Sementara itu, Damon Albarn dari Gorillaz dan Blur menyebut Artificial Intelligence tidak masuk akal. Dan siapa pun yang punya cukup waktu untuk membuat cover AI adalah orang bodoh. Billy Corgan dari Smashing Pumpkins juga mengatakan, AI akan mengubah musik selamanya karena orang lain dapat mempermainkan sistem.

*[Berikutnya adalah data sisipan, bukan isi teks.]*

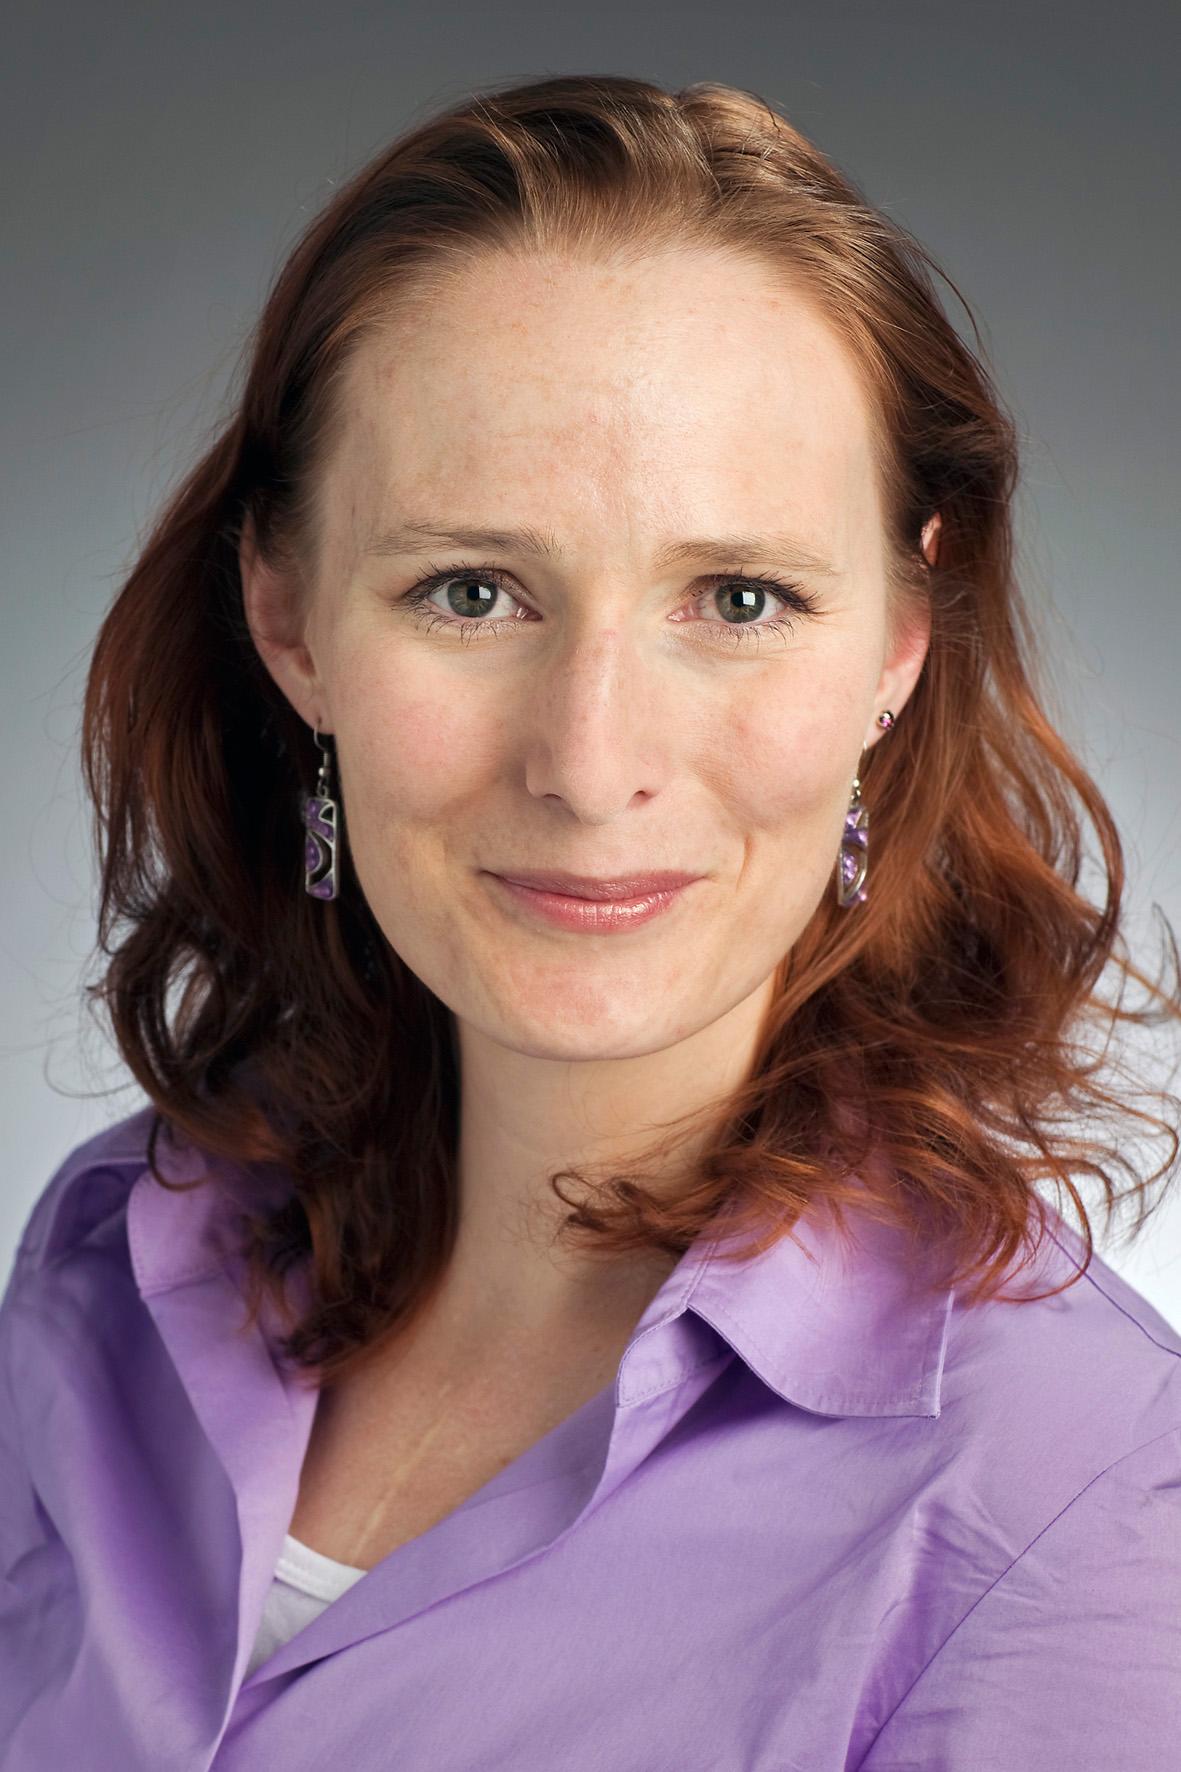 väitöskuva: Minna Valjakka 9.5.2011

Tantangannya saat ini, tentu saja meminimalkan ‘korban’ disrupsi akibat lahirnya Artificial Intelligence, sekaligus ‘menyulap’ teknologi baru ini agar memberi kemaslahatan, untuk kehidupan yang lebih baik. Karena jika bicara ‘korban’, beberapa artis sudah mengalami ini. Pada Juni 2023, cuplikan cover lagu “Starboy” yang menampilkan suara Selena Gomez beredar. Sang bintang pop tidak tahu-menahu soal lagu tersebut sampai ketika dia mengomentari sebuah postingan Instagram. Dia menyebut versi cover itu “menakutkan”.
Ada pula, band Inggris yang viral setelah menggunakan AI membayangkan seperti apa suara Oasis jika mereka reuni dan merilis album pada 2023. Album delapan lagu yang dinamai AISIS tersebut dikembangkan oleh band indie bernama Breezer. Mereka membuat lagu sendiri, kemudian menambahkan versi AI dari suara Liam Gallagher di atasnya. Noel Gallagher lantas menyebut pembuat album tersebut “idiot”.
Sebelumnya, melalui aturan baru, The Recording Academy dengan tegas melarang musik yang dibuat sepenuhnya oleh AI. Tetapi, karya musik yang mendapat bantuan dari AI diizinkan.
“Hanya pencipta manusia yang berhak diajukan untuk dipertimbangkan, dinominasikan, atau memenangkan Grammy Awards,” tutur pihak The Recording Academy dalam pernyataan resmi, Juni 2023. “Sebuah karya yang tidak mengandung kepenulisan manusia tidak memenuhi syarat dalam kategori apa pun.” Ini berarti, seniman dapat menggunakan AI sebagai bantuan tetapi kontribusi manusia harus yang paling signifikan.
Di Indonesia, Anugerah Musik Indonesia (AMI) kemudian menggelar seminar bertajuk “Penganugerahan Karya AI – Sudah Waktunyakah?” pada Selasa, 13 Agustus 2024 di Aula M. Jusuf Ronodipuro RRI Jakarta. Tujuan seminar ini, untuk memotret sampai mana proliferasi Artificial Intelligence dalam musik saat ini. Khususnya di khasanah musik Indonesia.
Sasaran dari seminar ini adalah tentang bagaimana dunia kreatif menyiasati teknologi AI, bagaimana AMI menyingkapinya, dan apa peran otoritas untuk mengawal evolusi AI tersebut.
Seminar ini menghadirkan enam panelis, yaitu Ramya Prajna Sahisnu (digital creative agency), Diana Silfiani (entertainment lawyer & publisher), Prof. Dr, Ahmad M Ramli (founder Center of Cyberlaw & Digital Transformation, Fakultas Hukum UNPAD), Indra Aziz (musisi & vocal coach), Febrian Nindyo (penyanyi & pencipta lagu), dan Eka Gustiwana (musisi & produser musik).